### What is needed
Without any images, write the data out exactly as it appears.

### Data segment
= Beginning of Section =
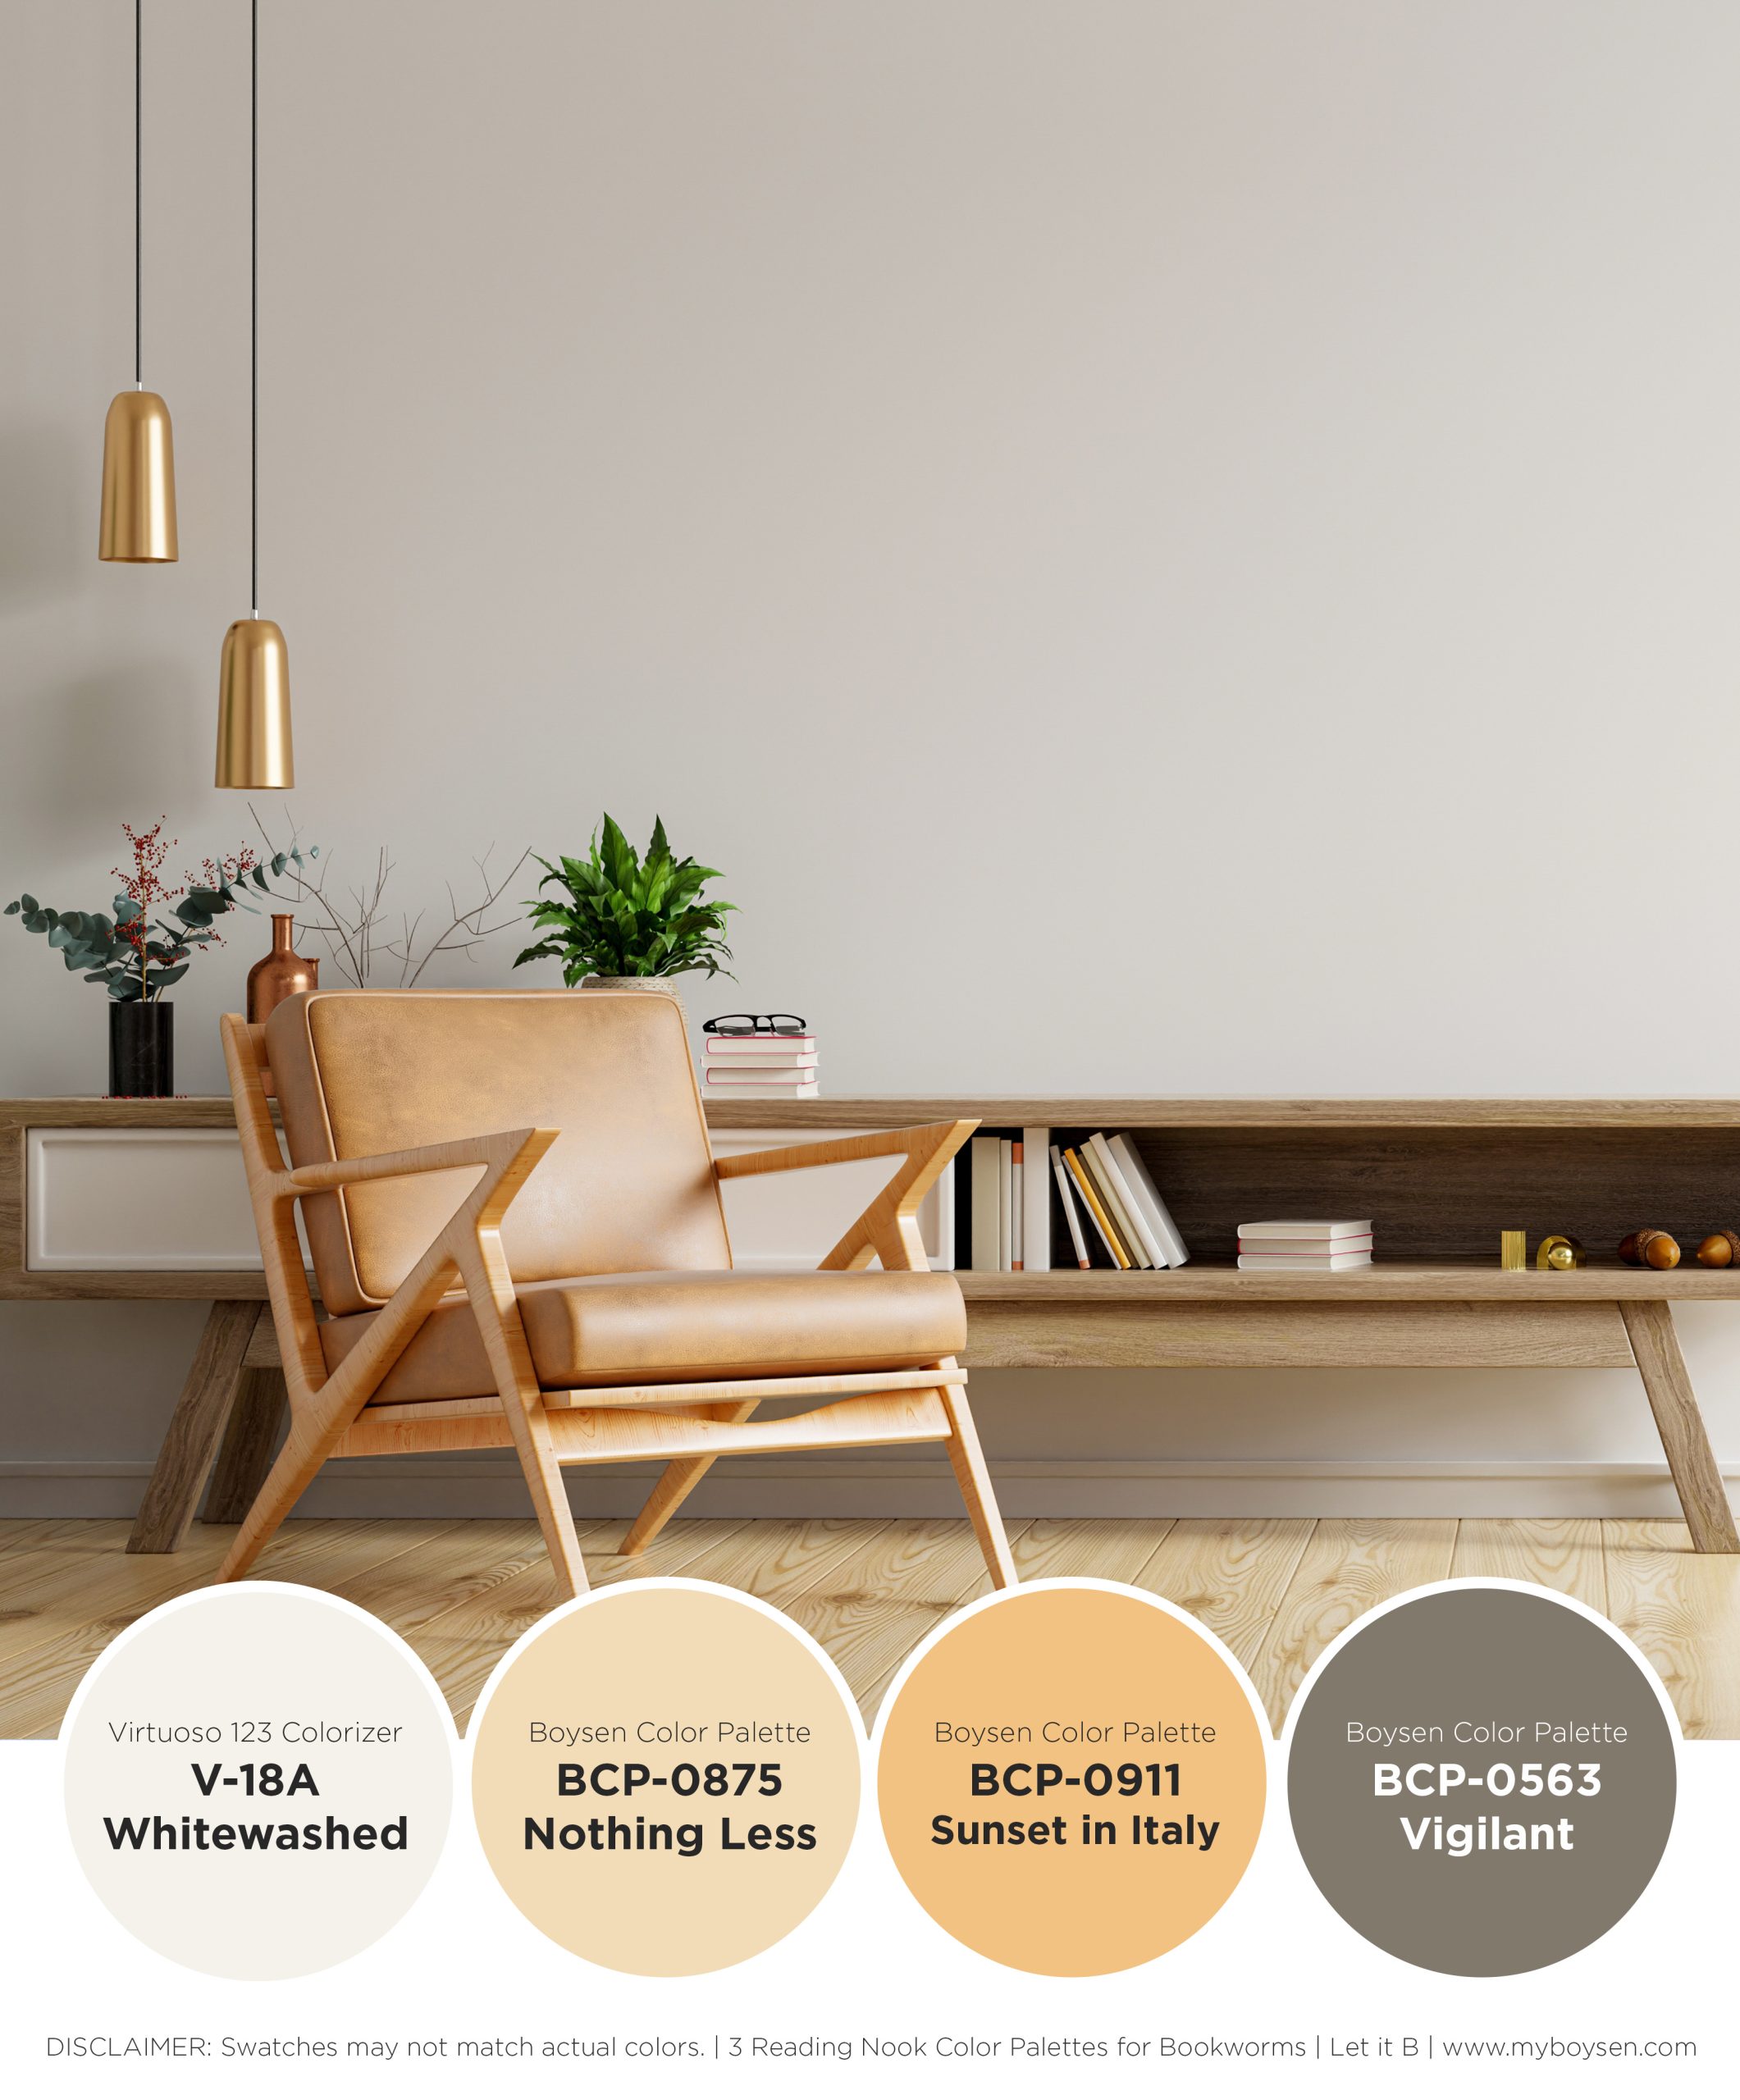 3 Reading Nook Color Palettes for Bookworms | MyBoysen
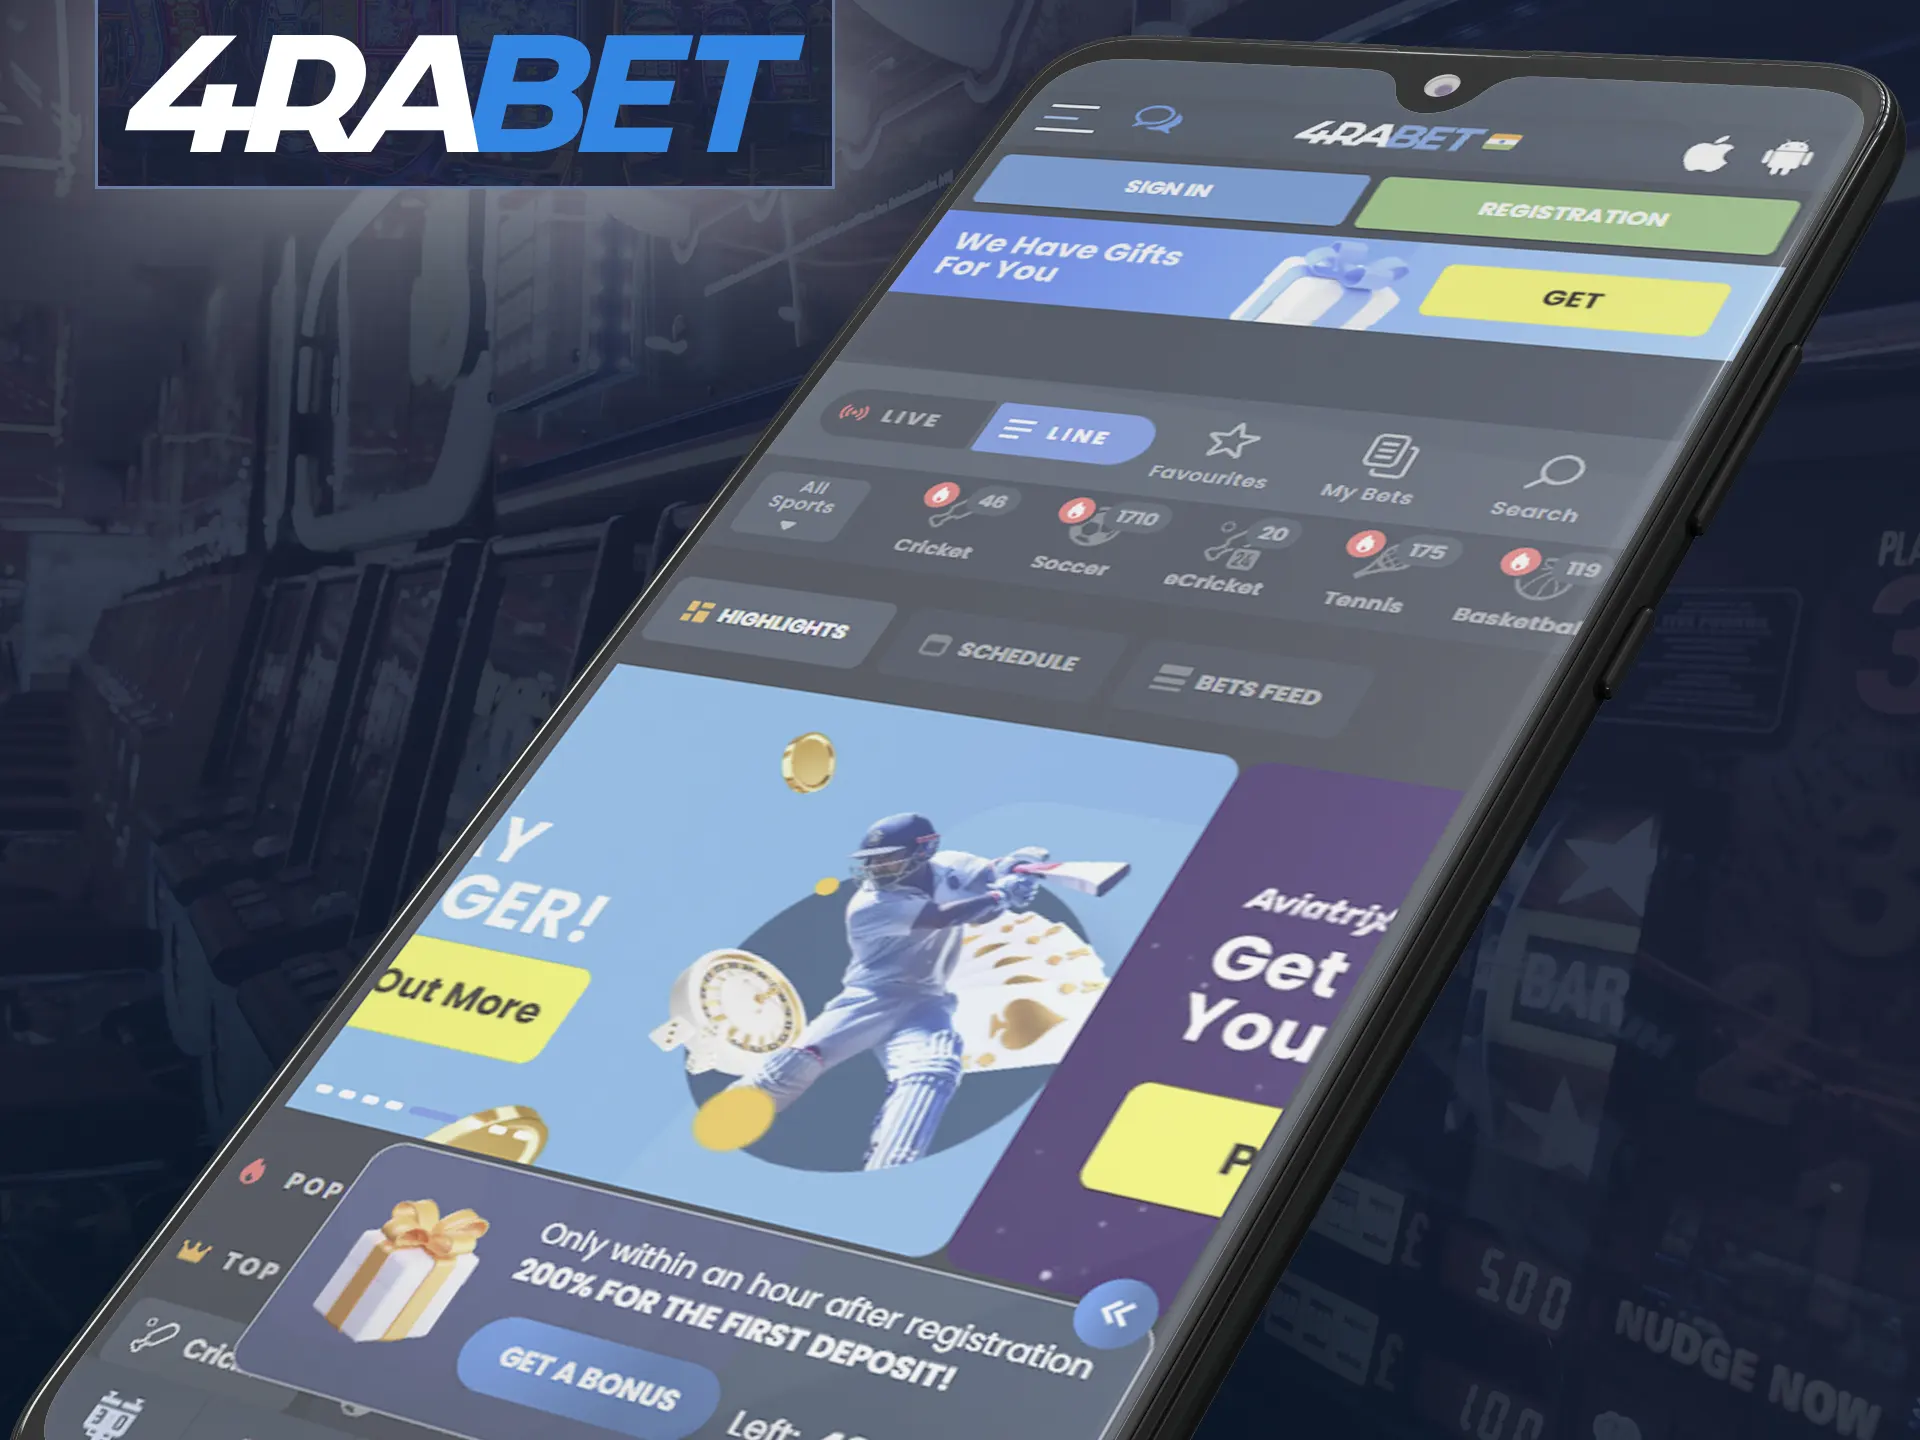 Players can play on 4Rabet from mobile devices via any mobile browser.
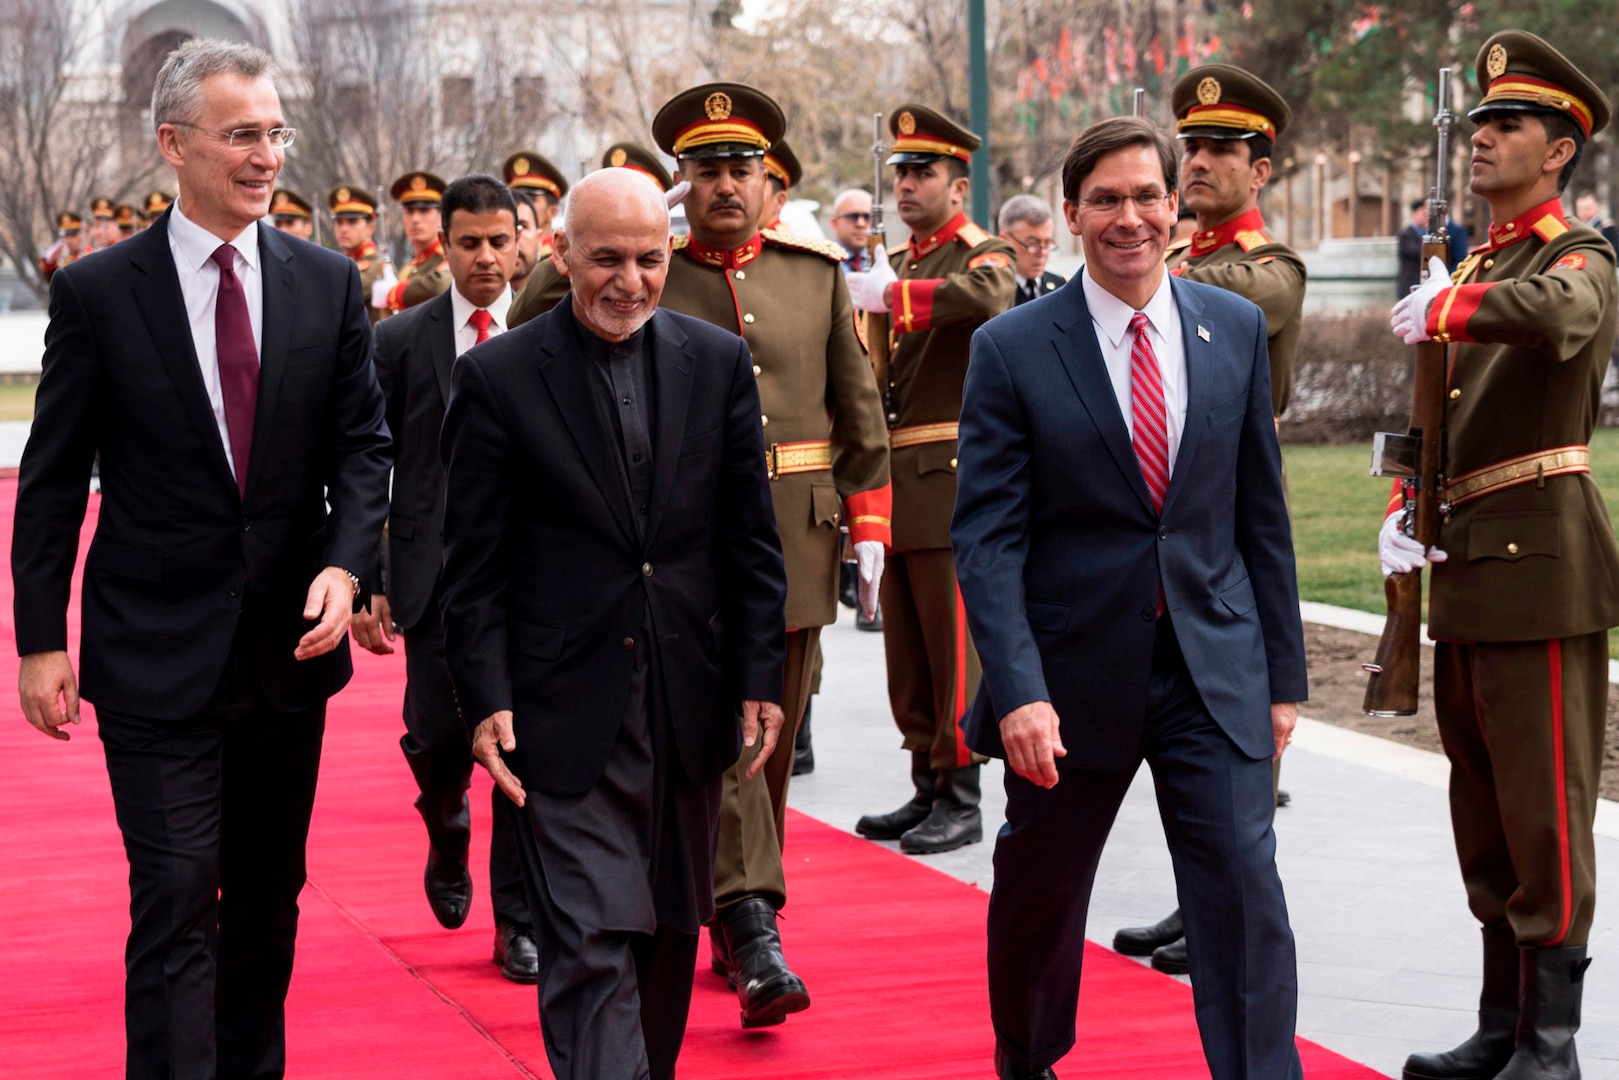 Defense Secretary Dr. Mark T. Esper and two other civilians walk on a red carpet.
= End of Section =
### Written solution
 3 Reading Nook Color Palettes for Bookworms | MyBoysen
 Players can play on 4Rabet from mobile devices via any mobile browser.
 Defense Secretary Dr. Mark T. Esper and two other civilians walk on a red carpet.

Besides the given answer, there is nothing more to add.